The background of analysts raising the target price.
In recent years, TSL stock has often been driven by “future growth potential” rather than just car sales. Recently, an analyst raised the target price to $548, believing that TSL is moving towards the physical AI stage, which includes robotaxi, autonomous driving, and AI-driven robotic services. Additionally, several policy approvals are accelerating this process, such as being allowed to test robotaxi services in Arizona. The stock price has risen by about 28-30% due to this news.
Detailed Explanation of the Three Major Growth Logics
- Robotaxi and Self-Driving Services: TSL has advanced robotaxi testing projects in multiple states and is currently approved to conduct robotaxi tests with safety drivers in Arizona. If it can expand to driverless or reduce human intervention stages in the future, the potential market is very large.
- Optimus and Physical Robot/AI Projects: In addition to the cars themselves, Tesla’s Optimus project and AI-driven businesses are considered important sources of future value.
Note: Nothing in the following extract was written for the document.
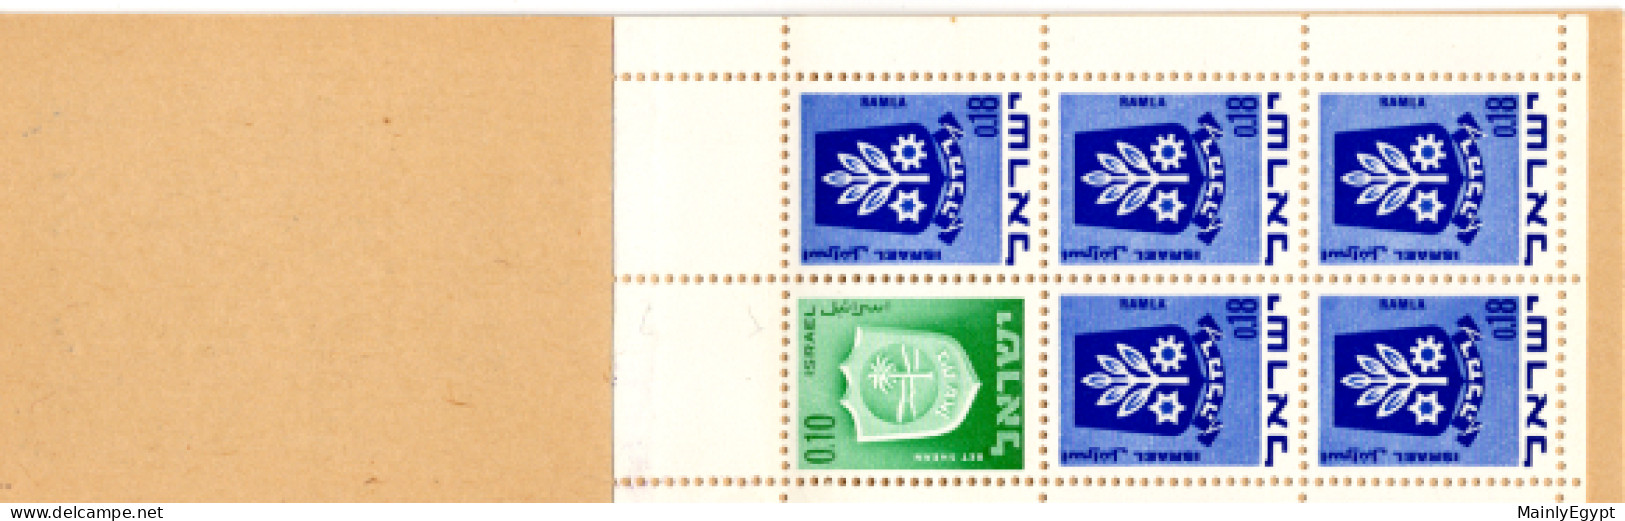 ISRAEL: Stamp Booklet 1970 MNH #F020 - Booklets

The company is shifting from merely selling cars to a comprehensive business of hardware + software + AI, which will bring new profit growth points.
- Energy Storage and Policy Support: Renewable energy, battery storage, solar power generation, and other businesses are highly valued segments of TSL’s existing assets. With the global demand for clean energy rising and the promotion of new energy policies in places like the United States, these businesses can provide stable cash flow in the medium to long term.
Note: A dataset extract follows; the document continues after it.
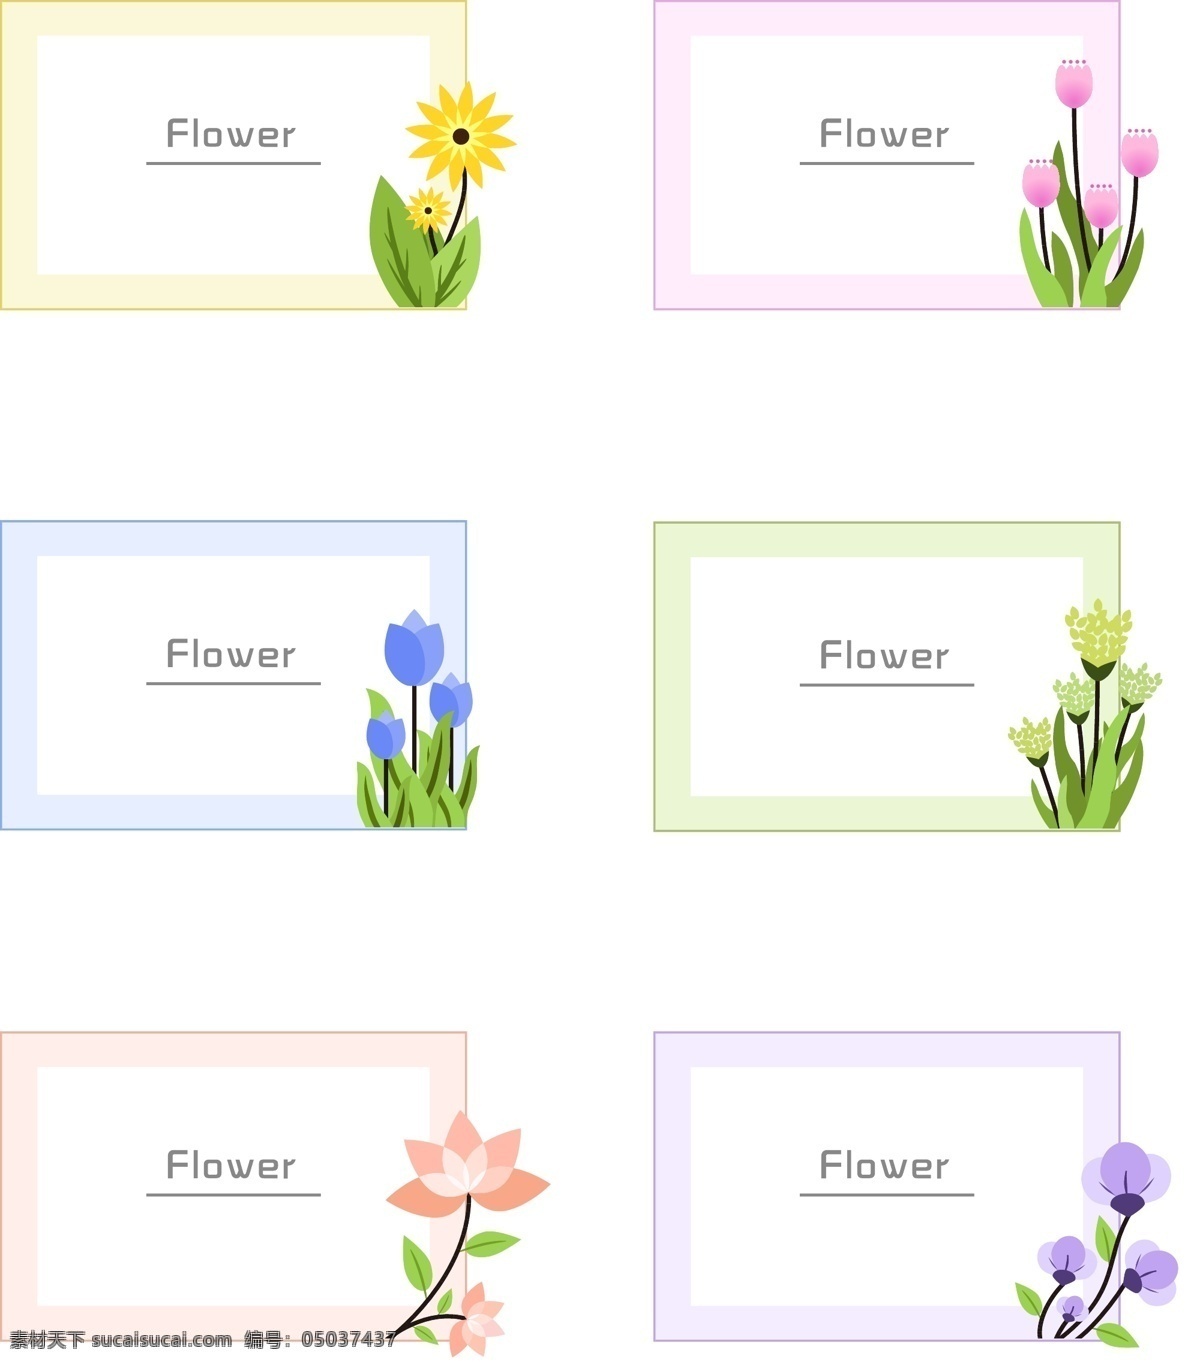 矢量 手绘 花卉 边框 商用 元素 蓝色 绿色 紫色 装饰元素 花 卡通 黄色 粉色 橙色 花卉边框

Market challenges and valuation concerns
- Valuation risk: The current valuation of TSL (based on expectations of future growth) is already very high, and investors must believe that future growth can be sustained. If growth slows down or does not meet expectations, a significant correction may occur.
- Regulatory and safety issues: The autonomous driving and robotaxi projects need to overcome regulatory and liability problems. If accidents occur or regulations hinder progress, it may affect market confidence.
- Increasing Competition: In addition to traditional car manufacturers, many tech companies and emerging EV companies are also investing in autonomous driving and AI, leading to fierce competition. It is not easy for TSL to maintain its lead.
How can beginners seize opportunities and avoid risks?
- First, pay attention to the company’s major announcements and financial reports: delivery data, AI business progress, and robotaxi test results are key indicators.
- Set reasonable target prices and stop-loss lines: establish the acceptable risk and expected returns for investments.
- Diversified investment: Do not concentrate all funds on a single asset, as technology growth stocks are highly volatile.
- Long-term vs Short-term: If you have confidence in TSL’s vision for the next 5 years, you may consider holding it long-term; if you are only seeking short-term profits, be aware of the impact of volatility and market sentiment.